Alert entrepreneurs have every incentive to find more profitable ways to manage the quality of their workforce and sort their recruitment pools.
Baron and Kreps (1999) developed the recruitment taxonomy made up of stars, guardians and foot-soldiers.
Stars hold jobs with limited downside risk but high performance is very good for the firm – the costs of hiring errors for stars such as an R&D worker are small: mostly their salary. Foot-soldiers are employees with narrow ranges of good and bad possible outcomes.
Guardians have jobs where bad performance can be a calamity but good job performance is only slightly better than an average performance.
Airline pilots and safety, compliance, finance and controller jobs are all examples of guardian jobs where risk is all downside. Bad performance of these jobs can bring the company down. Dual control is common in guardian jobs.

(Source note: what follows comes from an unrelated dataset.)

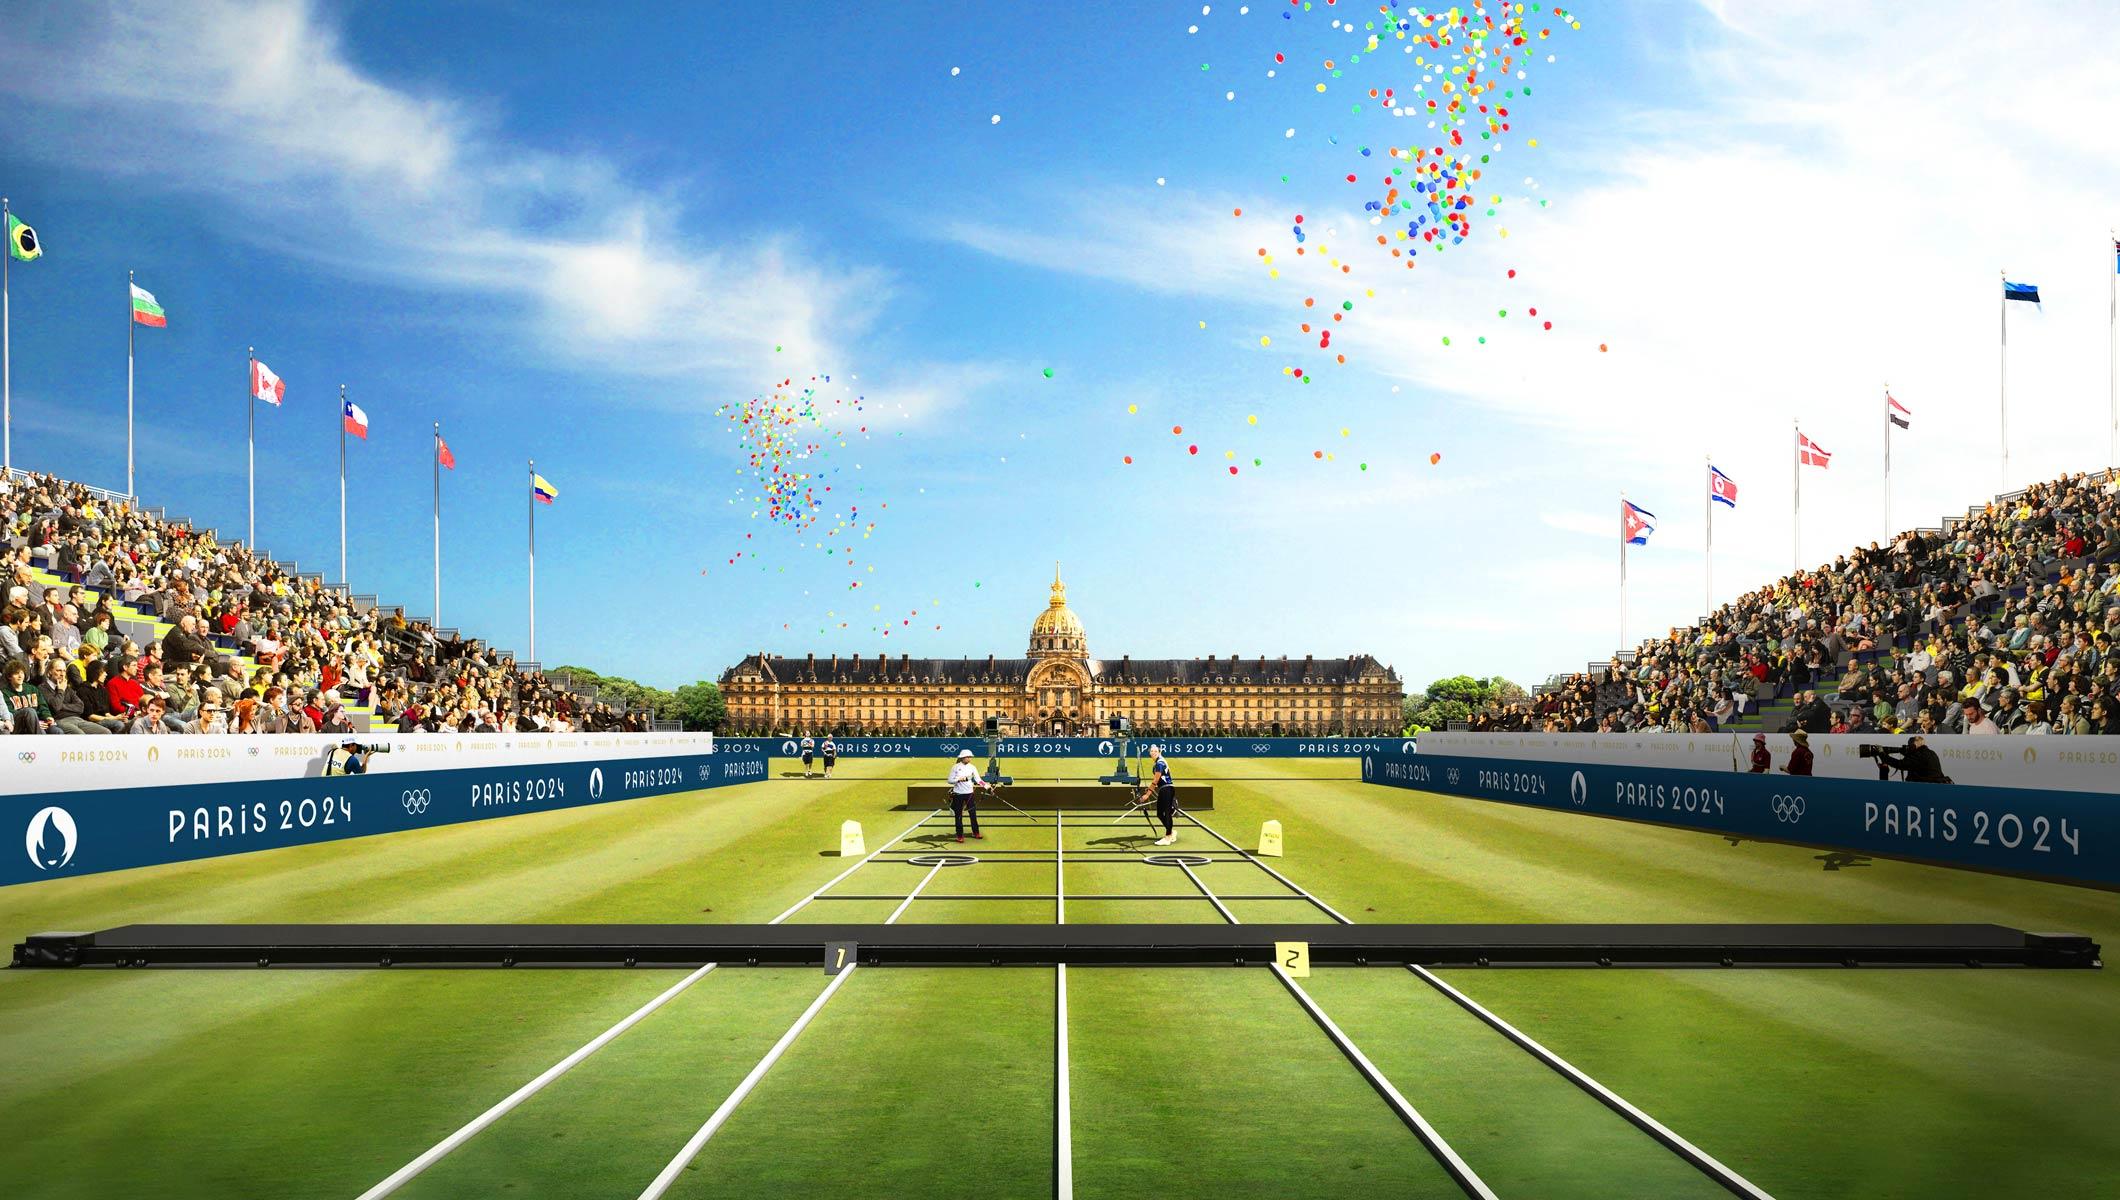 IOC Executive Board confirms timeline for Paris 20 events ...
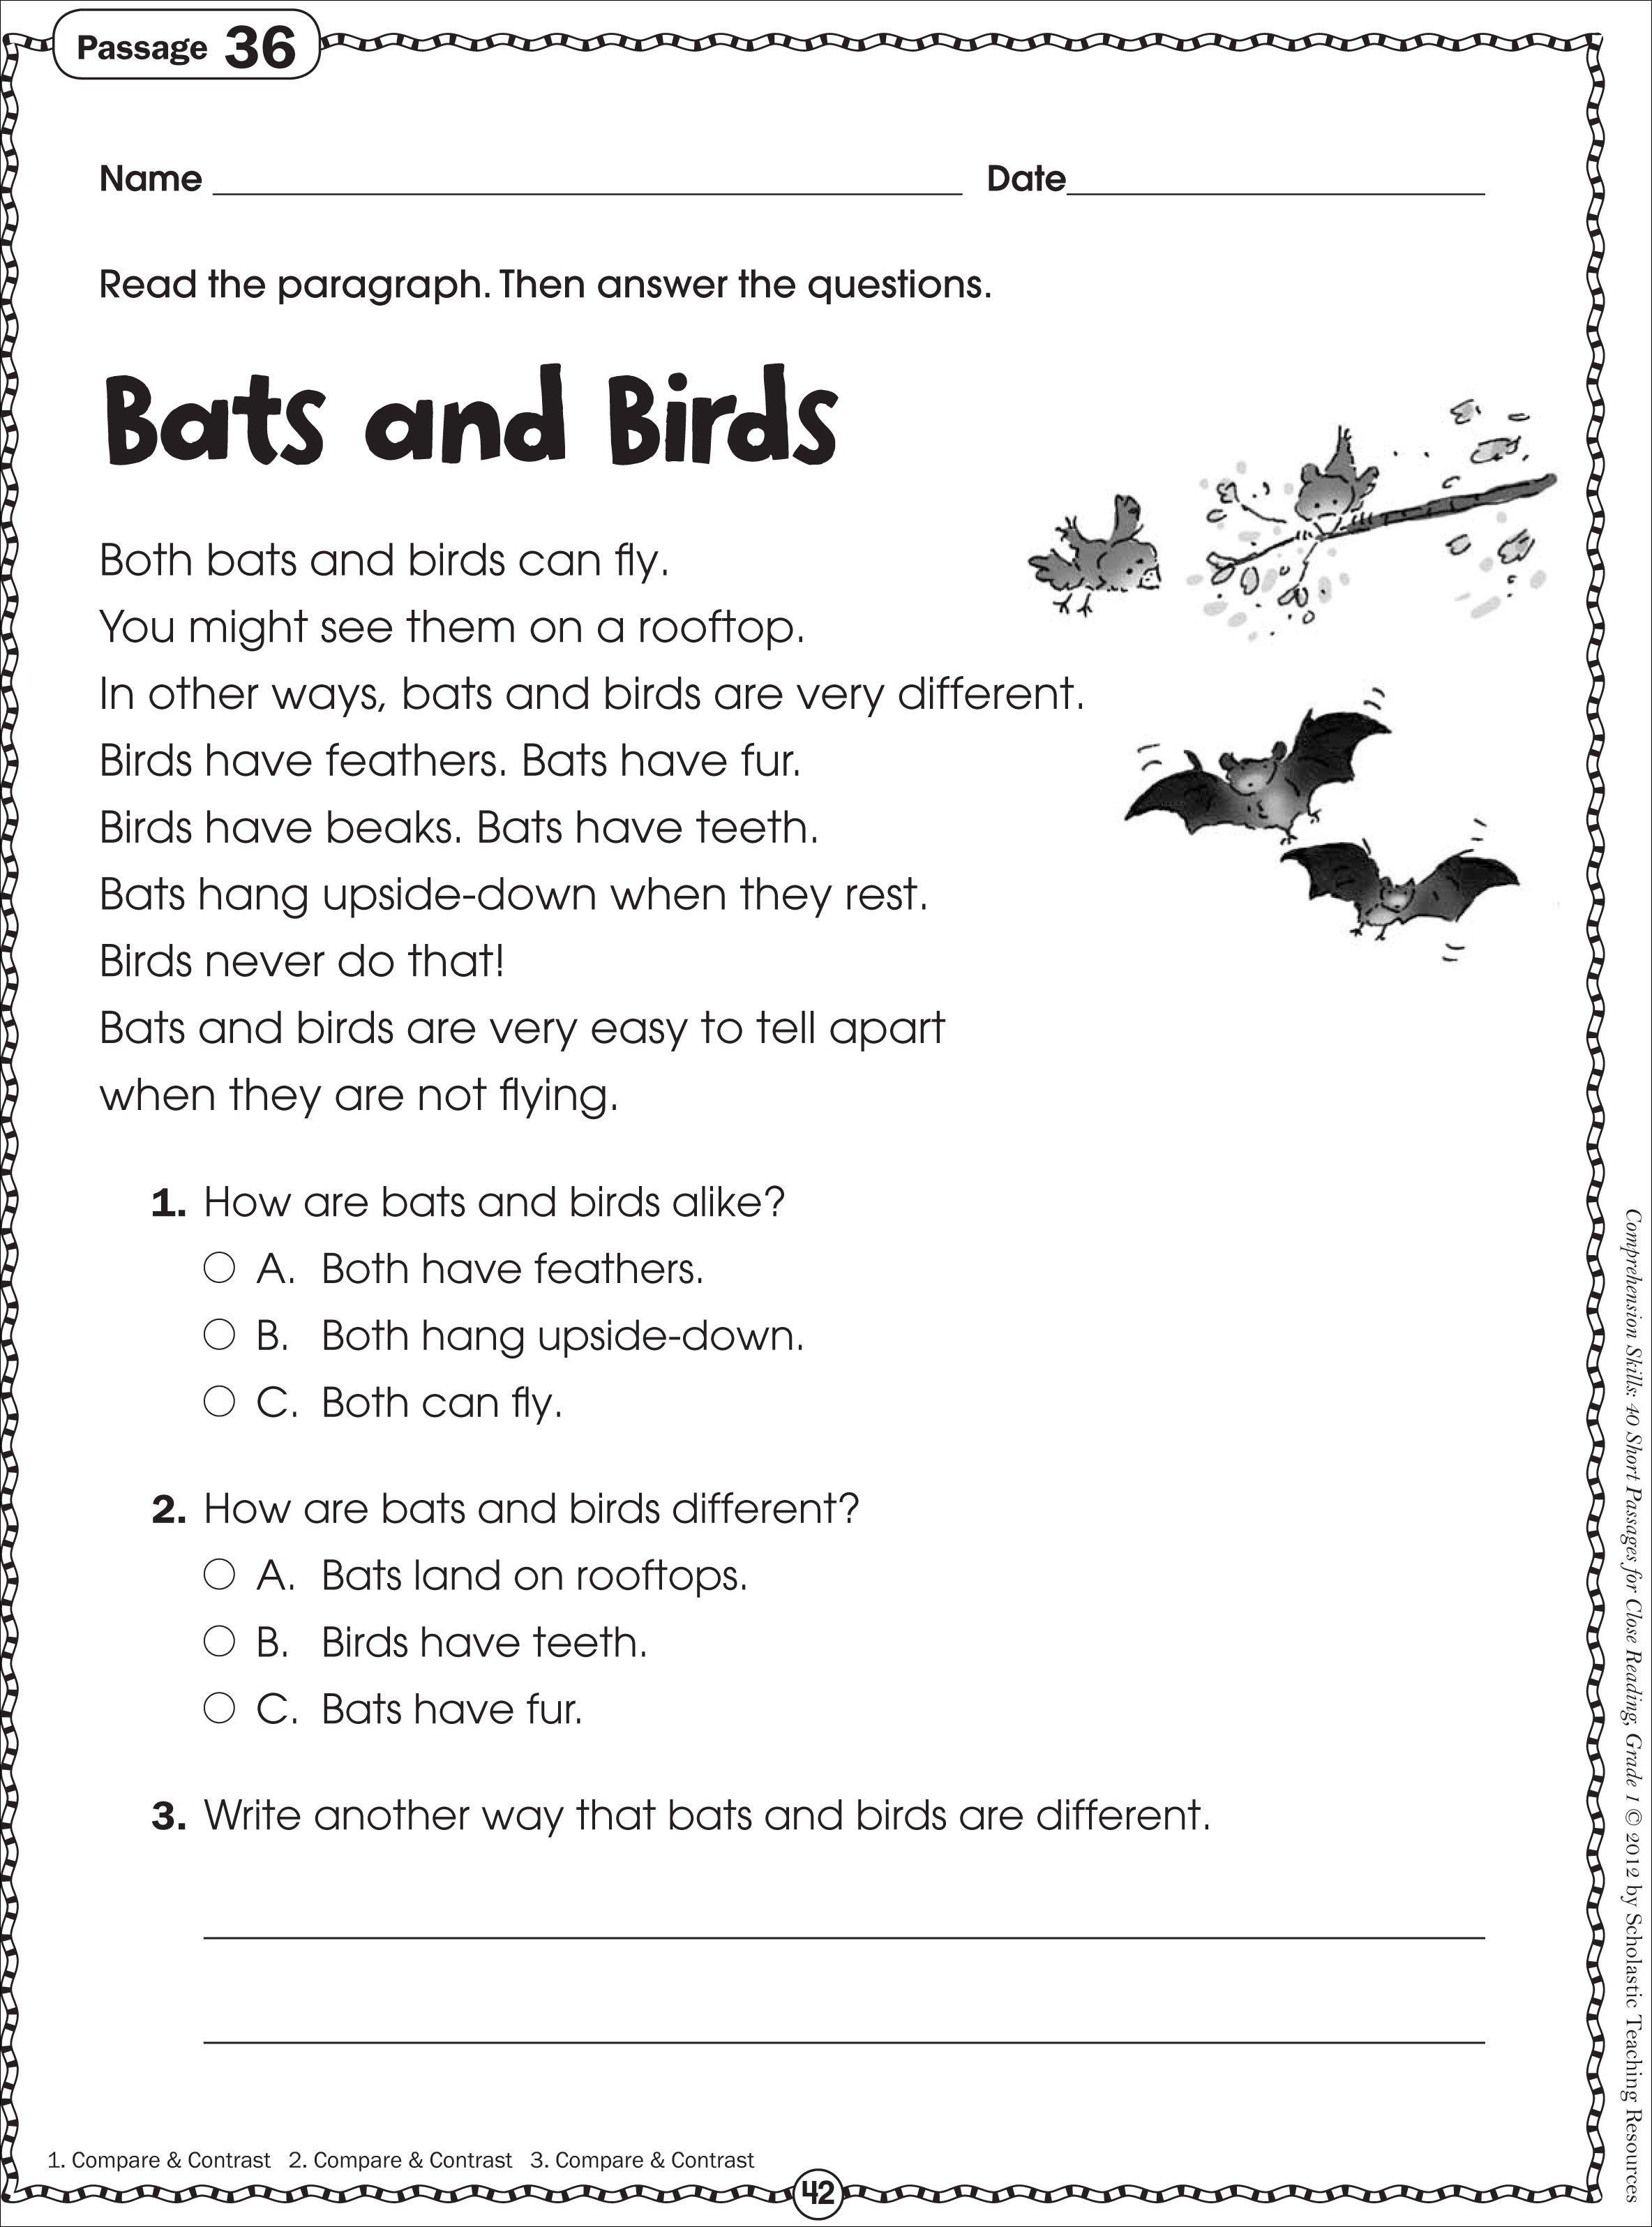 Free Printable Easy Readers For Kindergarten

The employer’s focus when recruiting and supervising guardians is low job performance and not associating rewards and promotions with risky behaviours. Employers will closely screen applicants for guardian jobs, impose long apprenticeships and may limit recruiting to port-of-entry jobs.
The private sector has ample experience in handling risk in recruitment for guardian jobs. Firms and entrepreneurs are subject to a hard budget constraints that apply immediately if they hire quacks and duds.
Blackboard economics says that governments may be able to improve on market performance but as Coase warned that actually implement regulatory changes in real life is another matter:
The policy under consideration is one which is implemented on the blackboard.
All the information needed is assumed to be available and the teacher plays all the parts. He fixes prices, imposes taxes, and distributes subsidies (on the blackboard) to promote the general welfare.
But there is no counterpart to the teacher within the real economic system
Occupational regulation comes with the real risk of the regulation turning into an anti-competitive barrier to entry as Milton Friedman (1962) warned:
The most obvious social cost is that any one of these measures, whether it be registration, certification, or licensure, almost inevitably becomes a tool in the hands of a special producer group to obtain a monopoly position at the expense of the rest of the public.
There is no way to avoid this result. One can devise one or another set of procedural controls designed to avert this outcome, but none is likely to overcome the problem that arises out of the greater concentration of producer than of consumer interest.
The people who are most concerned with any such arrangement, who will press most for its enforcement and be most concerned with its administration, will be the people in the particular occupation or trade involved.
They will inevitably press for the extension of registration to certification and of certification to licensure. Once licensure is attained, the people who might develop an interest in undermining the regulations are kept from exerting their influence. They don’t get a license, must therefore go into other occupations, and will lose interest.
The result is invariably control over entry by members of the occupation itself and hence the establishment of a monopoly position.
Friedman’s PhD was published in 1945 as Income from Independent Professional Practice. With co-author Simon Kuznets, he argued that licensing procedures limited entry into the medical profession allowing doctors to charge higher fees than if competition were more open.
Data Source: Martin Jenkins 2012, Review of Occupational Regulation, released by the Ministry of Business, Innovation and Employment under the Official Information Act.